*Assignment*:
Without the images, reproduce each line of the material exactly.

Data below section start

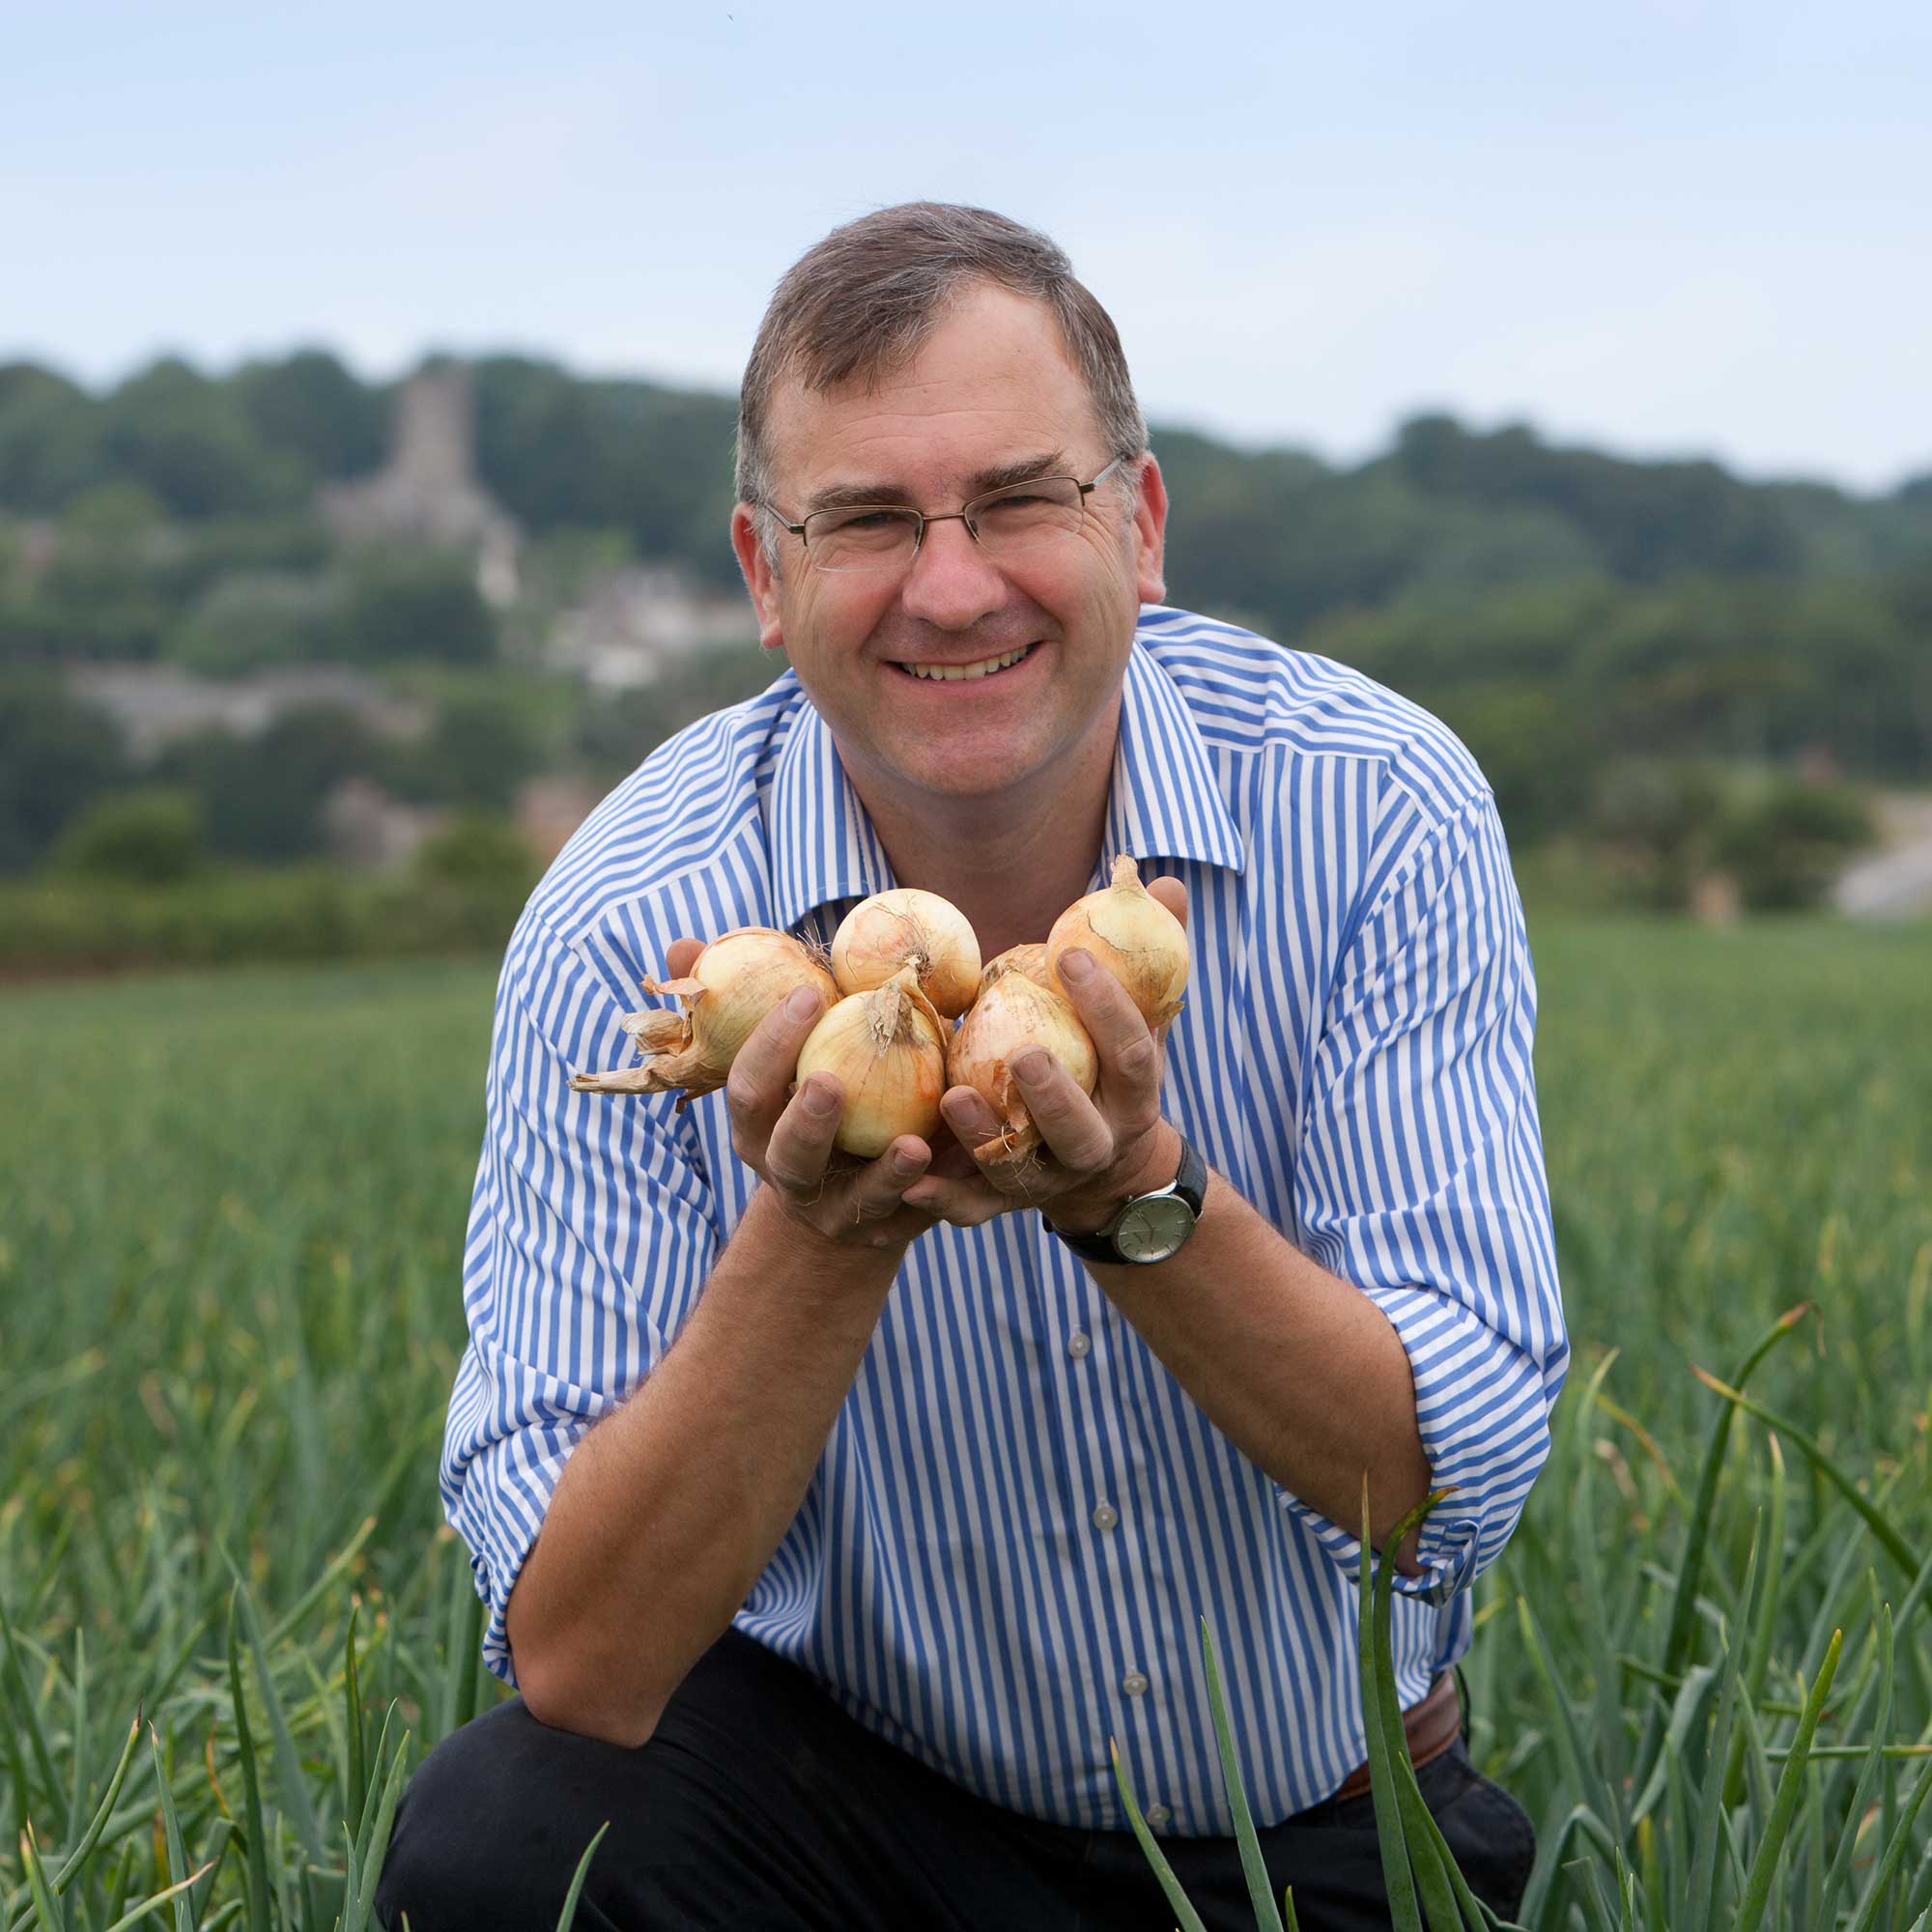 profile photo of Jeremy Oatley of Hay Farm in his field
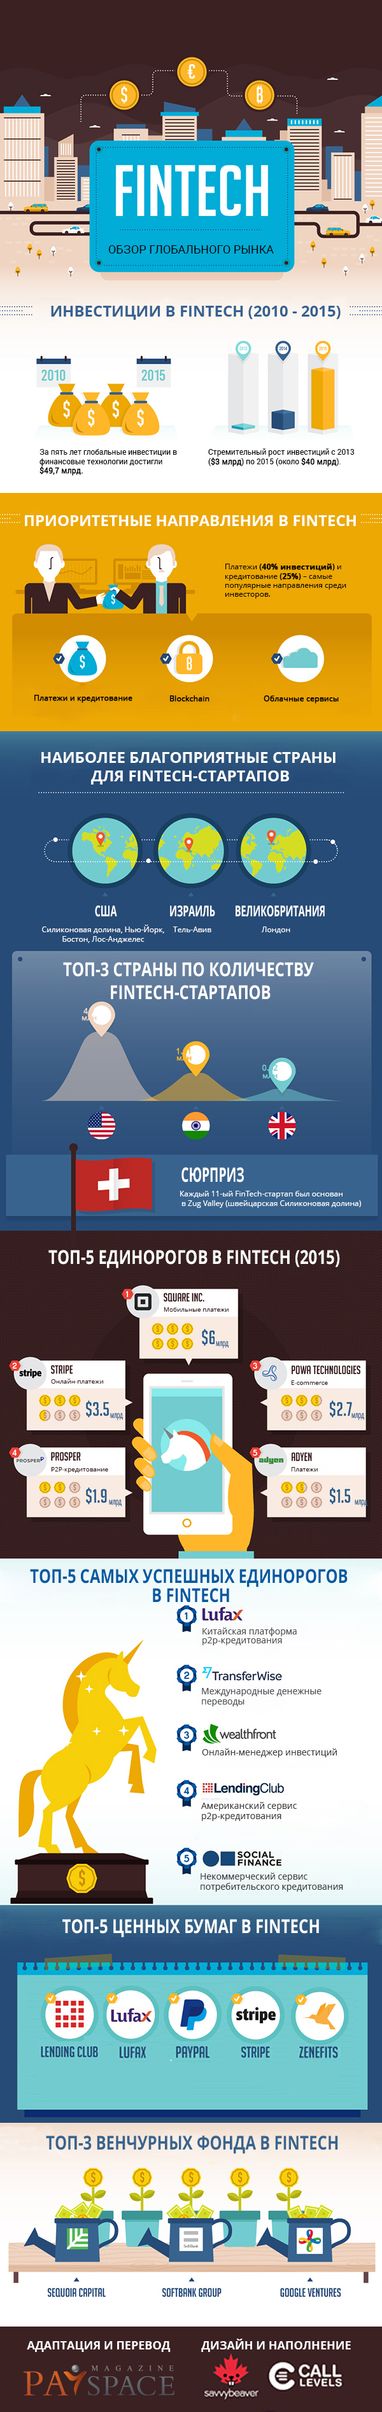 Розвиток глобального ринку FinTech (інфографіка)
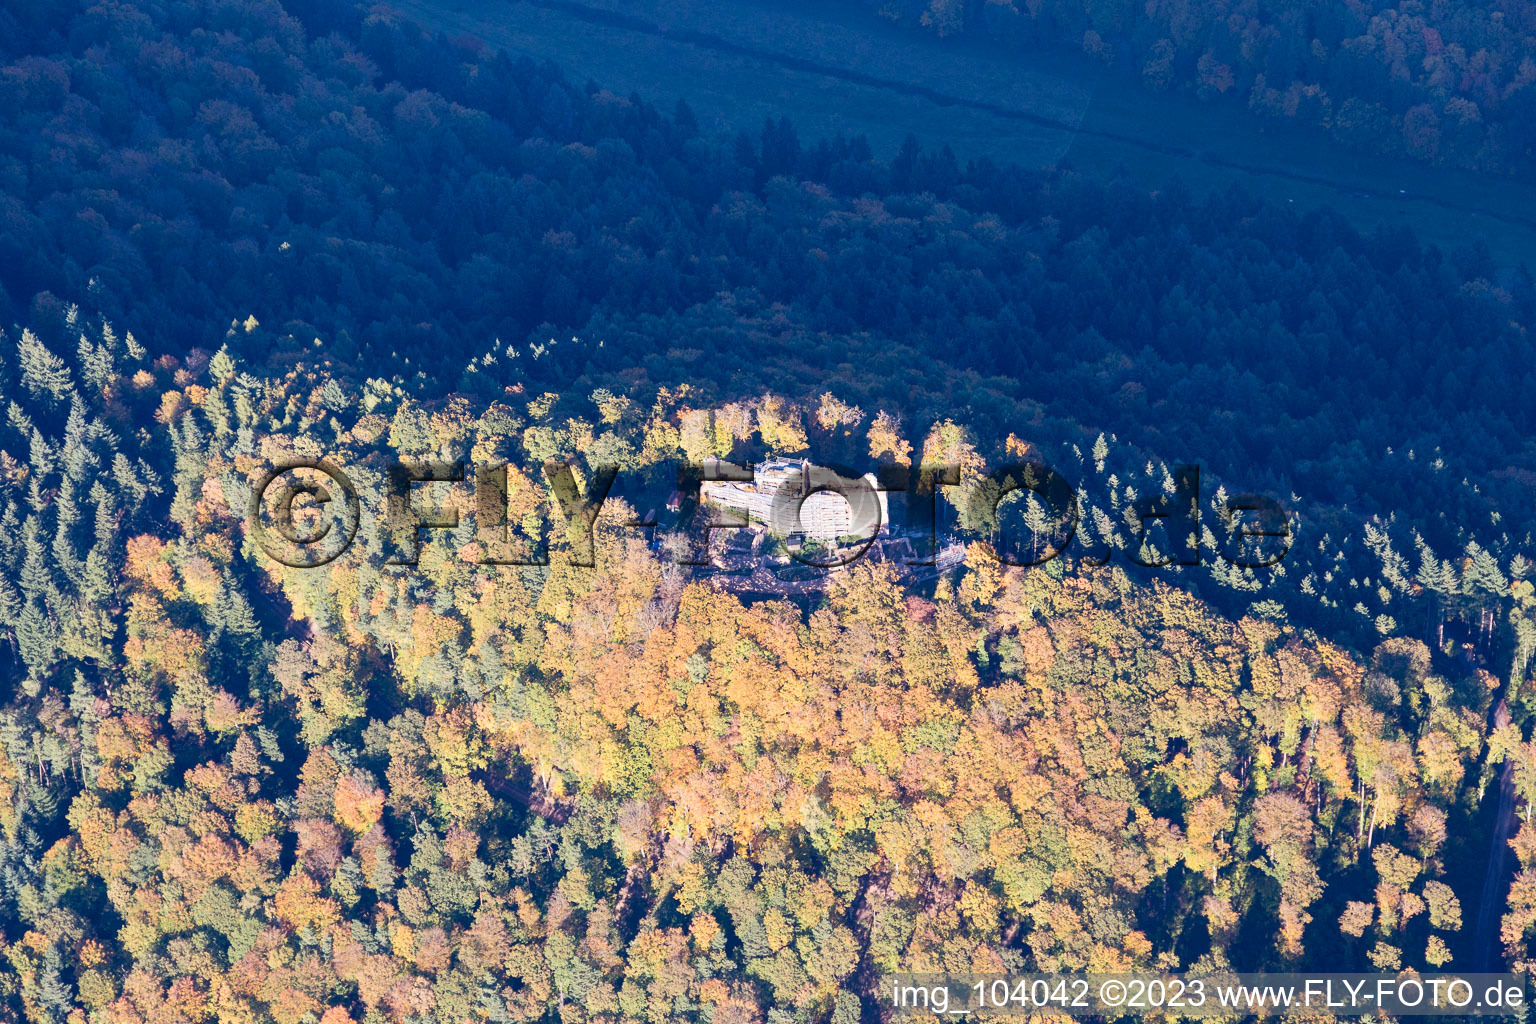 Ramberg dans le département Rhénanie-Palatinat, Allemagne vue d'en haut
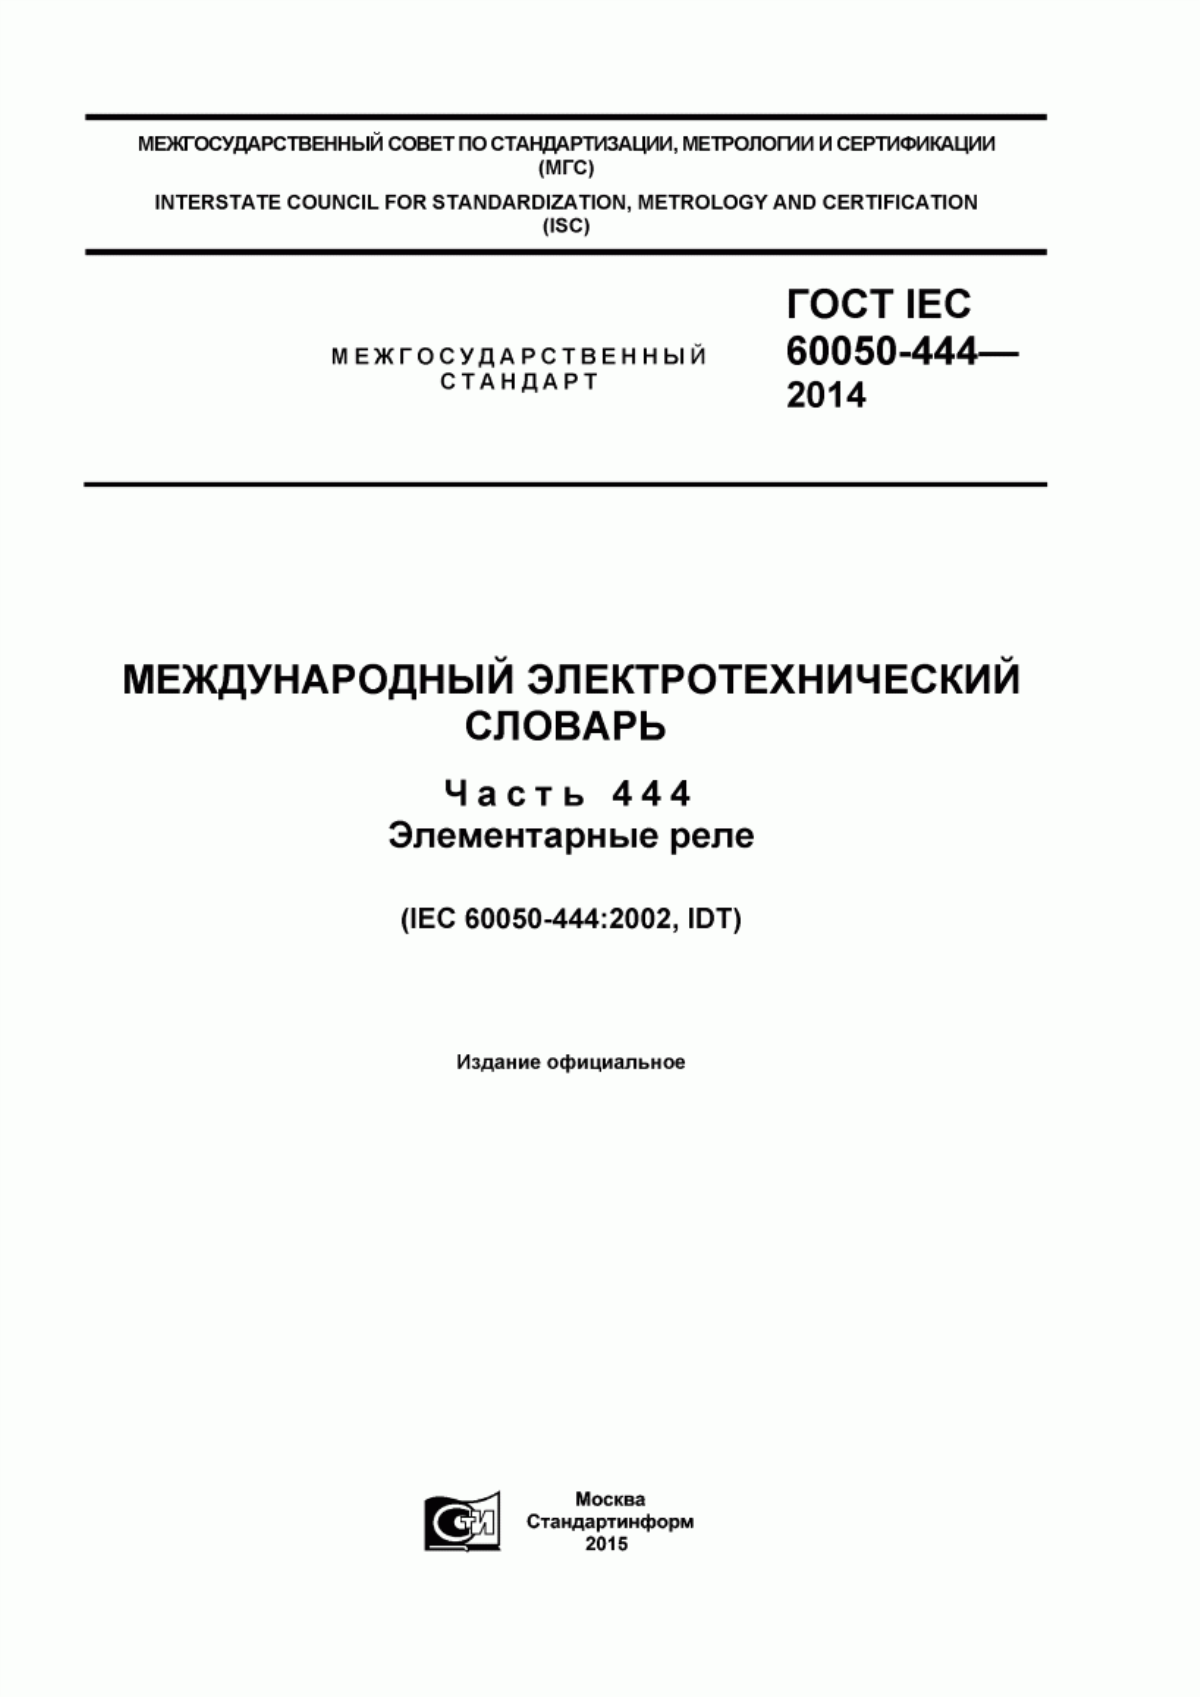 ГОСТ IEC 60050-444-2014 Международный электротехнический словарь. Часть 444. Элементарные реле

Data below section end

*Written answer*:
 profile photo of Jeremy Oatley of Hay Farm in his field
 Розвиток глобального ринку FinTech (інфографіка)
 Ramberg dans le département Rhénanie-Palatinat, Allemagne vue d'en haut
 ГОСТ IEC 60050-444-2014 Международный электротехнический словарь. Часть 444. Элементарные реле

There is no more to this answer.